With the constantly evolving landscape of machine learning frameworks, micro-services, cloud infrastructure, data management and many AI related technologies, we make it a point to keep an open mind (and roadmap) about what is included in the AlgoRun platform. Our goal is to evolve right alongside the industry and continuously integrate with other projects and simplify the operation of the ultimate AI pipeline.
With that said, our current roadmap consists of some core features we are building to increase the flexibility of the platform.
Below is a high level overview of the features and enhancements being developed but is not in any particular order of priority.
We are adding a schema registry to the pipeline, which enables better data validation and compacted encoding of the data streams. The plan is implement the Hortonworks Schema Registry, which will support both Avro schemas and protocol buffers. Each Endpoint, Algo and Data Connector will be able to define the schema used for it's output so the structure and compatibility of each will be validated.
Finding the correct and most up-to-date data feature for your ML models or data processing pipelines can be daunting. Our goal is to build in a feature registry (or feature store) that catalogs all of the available data features created by you, someone on your team and the entire organization.
- Kafka TLS and authentication - Currently the Kafka setup can be secured but out-of-the-box the configuration does not have TLS or authentication enabled. We will be enhancing the Kafka deployment configuration with a way to quickly enable TLS and authentication.
- TLS throughout - Currently some internal services by default do not have TLS enabled. While these services are not exposed outside of the Kubernetes cluster, we will be adding configuration to ensure every service communication can have TLS encrypted enabled.
- Auth proxy for grafana dashboards - In order to provide a more seamless integration with Grafana, a custom auth proxy is being developed to create a robust SSO interface.
- Synchronize with custom remote repositories - Currently AlgoRun can only synchronize with the AlgoHub.com Algo registry. We are enhancing the import and push to allow adding any remote AlgoRun instance to share Algos and Pipelines between any user, team and the community.
- Save History - Currently the only way to snapshot a pipeline configuration is to create a new version. Creating a pipeline save history will allow tracking of all pipeline changes and add the ability to undo unwanted mistakes.
- Duplicate Pipeline - Currently you can duplicate a pipeline version but we will also be adding the ability to duplicate the entire pipeline configuration into a new name.
- Inline scripts - Currently you can package up and python, R or other script into a docker container to be utilized by the pipeline. We are adding the ability to quickly add a Python or R script directly to the pipeline, define the dependencies and the script will be dynamically mounted to a container at runtime. This makes it much easier to get started building dynamic script based pipelines where the script versions follow the pipeline version.

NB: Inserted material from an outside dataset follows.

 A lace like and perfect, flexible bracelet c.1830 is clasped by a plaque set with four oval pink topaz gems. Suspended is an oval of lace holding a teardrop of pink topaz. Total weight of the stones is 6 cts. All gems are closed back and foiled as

- Locate component - As the number of components in a pipeline grows, it becomes difficult to locate the component you would like to edit. We are adding a component search functionality to locate the component within the graph UI.
- Implement pre/post transformation processors - Currently data transformations are required to be done within a container, which is then piped to the destination Algo. Sometimes it can be useful to do simple data transformations inside of the actual Algo container, just before being delivered to the Algo input. We are adding data transforms (think JQ) that execute within the algo-runner sidecar.

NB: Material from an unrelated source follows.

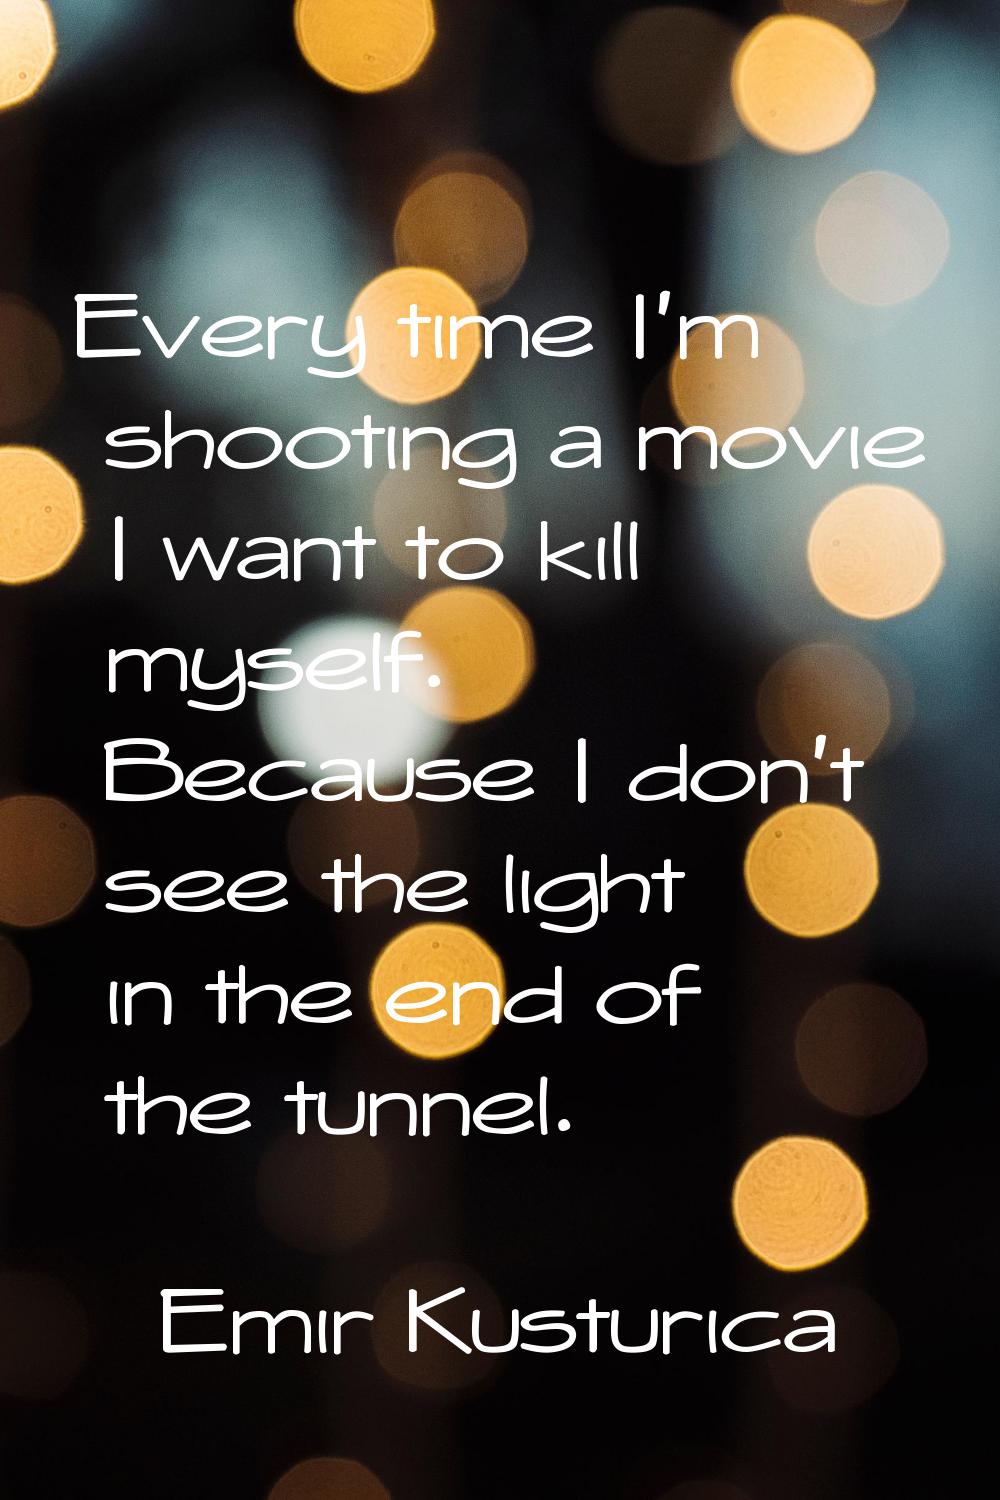 Every time I'm shooting a movie I want to kill myself. Because I don't see the light in the end of

- Data Connector Management UI - The current data connector configuration UI is functional but rudimentary and we have plans to revamp the interface. Better parameter management and configuration defaults, plus the ability the test connectivity and preview queries are some of the features planned.
- Custom Kafka source topics - Currently all routable Kafka topics are from Endpoint, Algo or Data connector outputs. We plan to allow for manually adding Kafka topics to the pipeline that can be routed to any input. You can then push data into the topic using any existing Kafka producer you may have, which will then be consumed by the pipeline.
Pipeline Deployment Features
- Synchronous execution - Currently, all calls to a pipeline endpoint are executed asynchronously. In order for the calling client to get a result, it must receive a webhook callback. In order to simplify this interaction, an option to run the pipeline synchronously is being added. When this option is set, the endpoint will block the response until all hook event results have been fulfilled (or the timeout reached). Once all the hook results are complete, the endpoint will send the results back for all hooks in a single response envelope.
- Run batch methods - Currently endpoints receive the data that is expected to be processed. We are adding functionality to upload batches of data prior to running the pipeline and allow calling the Endpoint with a reference to the batch data to be processed.
- Auto Scaling Implementation - Currently auto scale uses the Kubernetes horizontal pod autoscaler based on CPU / memory only. We will be enhancing the functionality to enable scaling based on any performance metric generated by the pipeline.
- Node selector - Currently the Kubernetes node that an Algo is selected to run on is based on resource requirements. For example if enough CPU / Memory / GPU exists on any node, the Algo pod will be placed there. We are adding the ability to add node labelling directly to the pipeline configuration to allow for placement of specific Algos to targeted nodes. This can be very helpful for fine tuning the performance of a pipeline.
- Dashboard Graphs - We have plans to add new graphs and monitoring metrics to the dashboard.
API Integration Generator
Our goal is to make it as easy as possible to integrate AlgoRun with existing APIs. One way we plan to make this happen is with tooling that can instantly generate an AlgoRun integration based on an OpenAPI or swagger based API spec. This will allow any pipeline to call REST APIs and execute actions on thousands of existing APIs on the internet and internally developed.